I think splitting the pragmas early has benefits.
I believe the “unit” constructs idea is important, forcing only leaf constructs is not viable.

Arguably, we could keep the “opaque AST nodes” till the end, but given that the nodes we create already exist, I’m less inclined to that approach. To preserve the source representation one could string the unit constructs together (parent/child relationship) or simply mark everything that is implicit. The latter might be sufficient modulo reordering. I guess we can always keep the original spelling if that is required, or even use the special AST node we use in variant calls to represent the original callee and the chosen callee at the same time.

I think this has some nice benefits:

And some drawbacks:

  1. Clause pre-inits are essentially moot, except for num_teams and thread_limit.

Can you elaborate on why these two are special? Other clauses on teams should be similar, no?

I’m not sure about this part:

which necessitates (in this case) a firstprivate directive.

Do we currently, and/or with this proposal, make all implicit captures explicit?

kparzysz October 14, 2024, 1:52pm 6

The OpenMP spec requires that all expressions on clauses are evaluated in the context of the immediately enclosing construct. That is, except two clauses: num_teams and thread_limit. Those are required to be evaluated in the context of the construct immediately enclosing the outermost leaf.
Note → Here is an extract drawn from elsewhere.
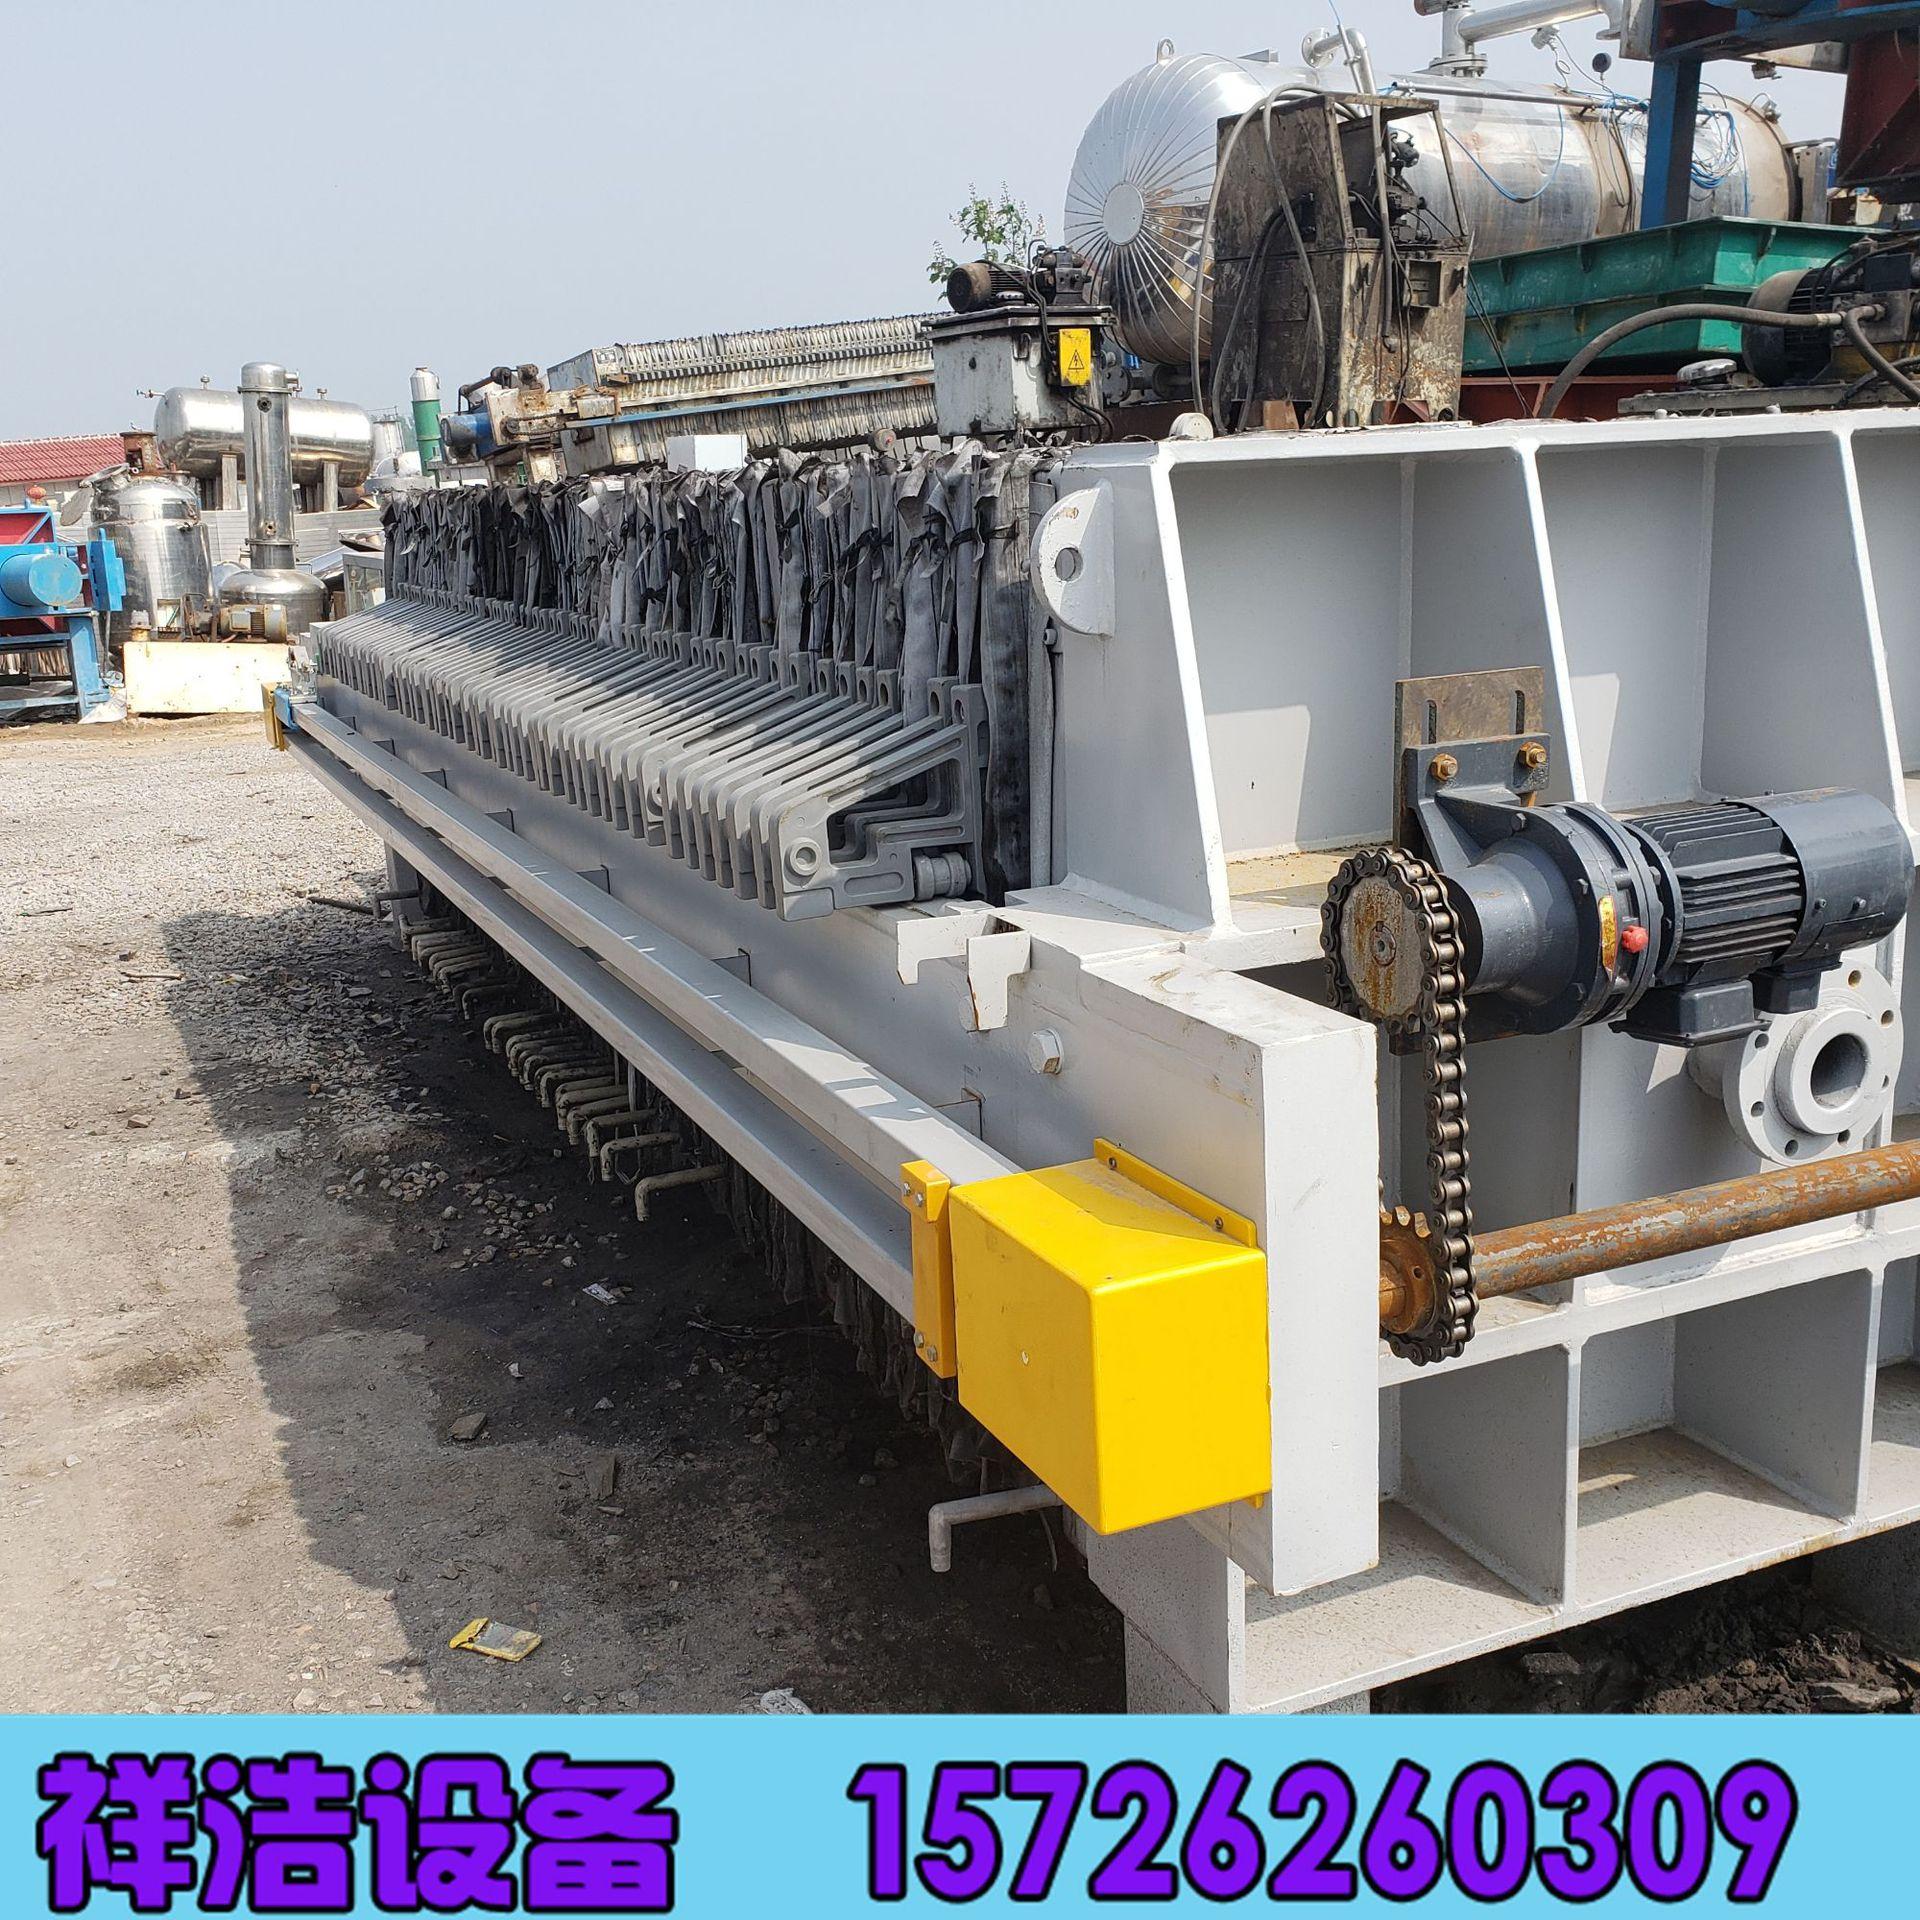 廠家直銷壓濾機 200平方廂式壓濾機 程控隔膜壓濾機 污泥脫水設備示例圖1

When we attach these clauses to directives, these directives may not be the outermost, so when we create type tmp = expression; for them, we still need to stash it “for later” in the pre-init statement. For the rest of the clauses we don’t need to do that, because they are already placed in the right context (i.e. we can evaluate the expressions right where the clause is located).
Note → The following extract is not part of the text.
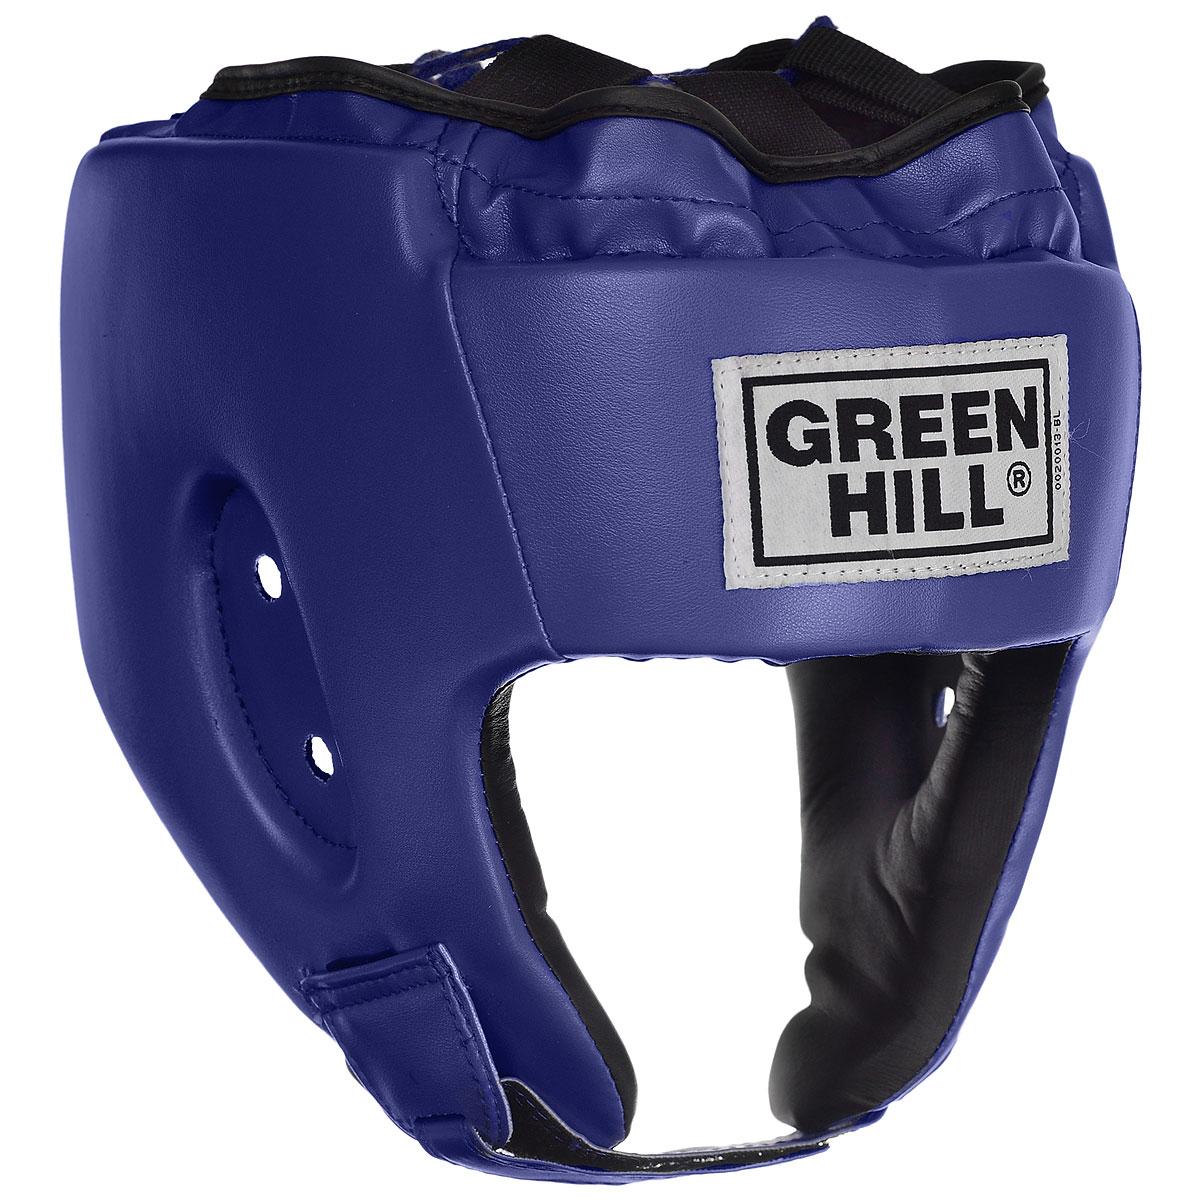 Шлем боксерский Green Hill Alfa, цвет: синий. Размер L (57-60 см)HGA-4014Боксерский шлем Green Hill Alfa предназначен для защиты головы от повреждений во время занятий боксом и кикбоксингом. Подходит как для тренировок, так и для соревнований. Выполнен из высококачественной искусственной кожи. Шлем имеет двойную систему крепления, которая крепко удерживает его на голове: шнуровка сверху, застежка на липучке на затылке и под подбородком. Крепления регулируемые, благодаря чему шлем можно подогнать четко под свой размер. Обеспечивает достаточную защиту и обзор во время поединка.

Correct me if I’m wrong, but the implicit/explicit captures is a concept that applies to the source code. In the AST they are all represented the same, i.e. they will show up in CapturedStmt regardless of how they ended up captured.

The example you’re referring to is

#pragma omp target teams distribute parallel for simd if(a)

When it’s broken up into unit constructs, we have

target
|-- if(a)   // this "a" is "evaluated" outside of "target"
`-- teams
    `-- distribute parallel for simd (composite)
        `-- if(a)   // this "a" is now inside of "target"

In order for the second if(a) to work, the a needs to be mapped somehow into the target region. Currently, the codegen operates on the entire compound directive, and takes care of that internally, but when we separate the constituents, the target directive needs the extra “firstprivate” clause for the codegen to handle it right.